There is no single appearance that is required or suitable for all parts
that are hard chrome plated. Part specifications may call out a required
surface profile or crack density, and the plating shop will have to provide
the preplate and/or postplate grinding or polishing, plating chemistry or
plating conditions that will provide the appropriate deposit. For example,
many parts are blasted with aluminum oxide or other media prior to plating,
and the as-plated part exiting the tank will not be as shiny as a part that
was belt-polished prior to plating. However, the blasting provides an
excellent surface condition for the chromium electroplating, and the part
will probably be postplate ground or polished anyway. Mirror-finish rolls
may be polished to a very smooth condition prior to plating.

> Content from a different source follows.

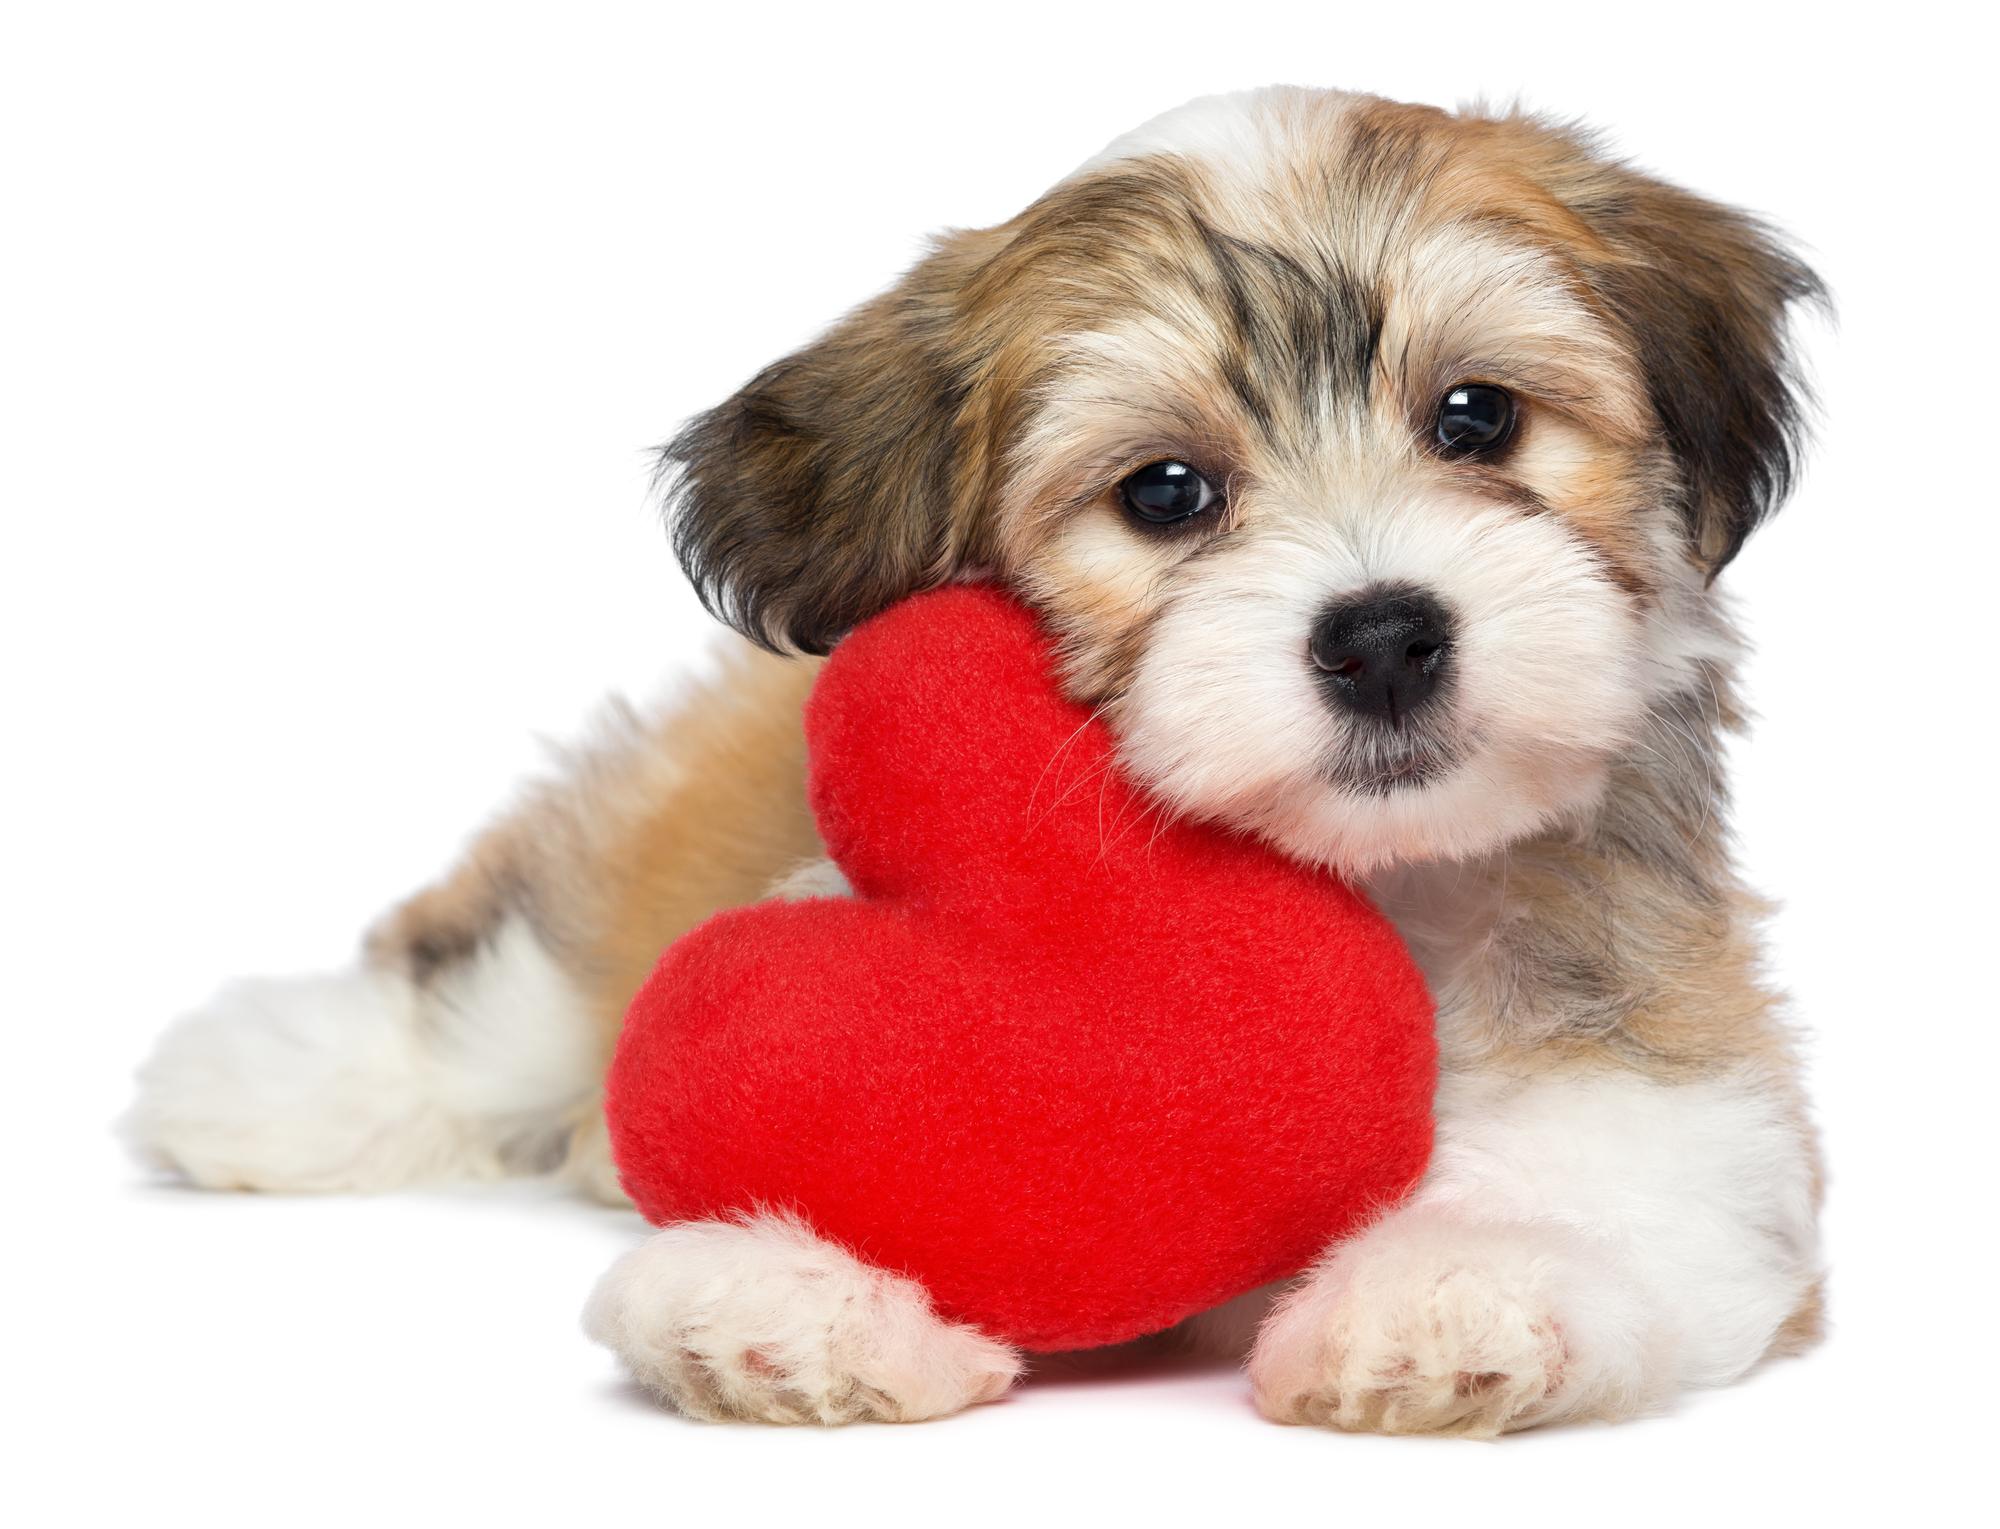 https://www.centroveterinariosanmartino.it/wp-content/uploads/2019/03/cardiologia-veterinaria.jpg

Many factors influence the corrosion resistance of the chromium
electrodeposits, and a thorough discussion is beyond the scope of this
forum. Some of the influencing factors are:
- Bath chemistry (type or formulation)
- Catalyst ratios for the bath
- Bath purity
- Microcrack structure of the deposit
- Deposit thickness
- Number of chromium layers in the final coating
- Preplate "smoothness" of the part surface
- Plating conditions (current density, temperature, etc.)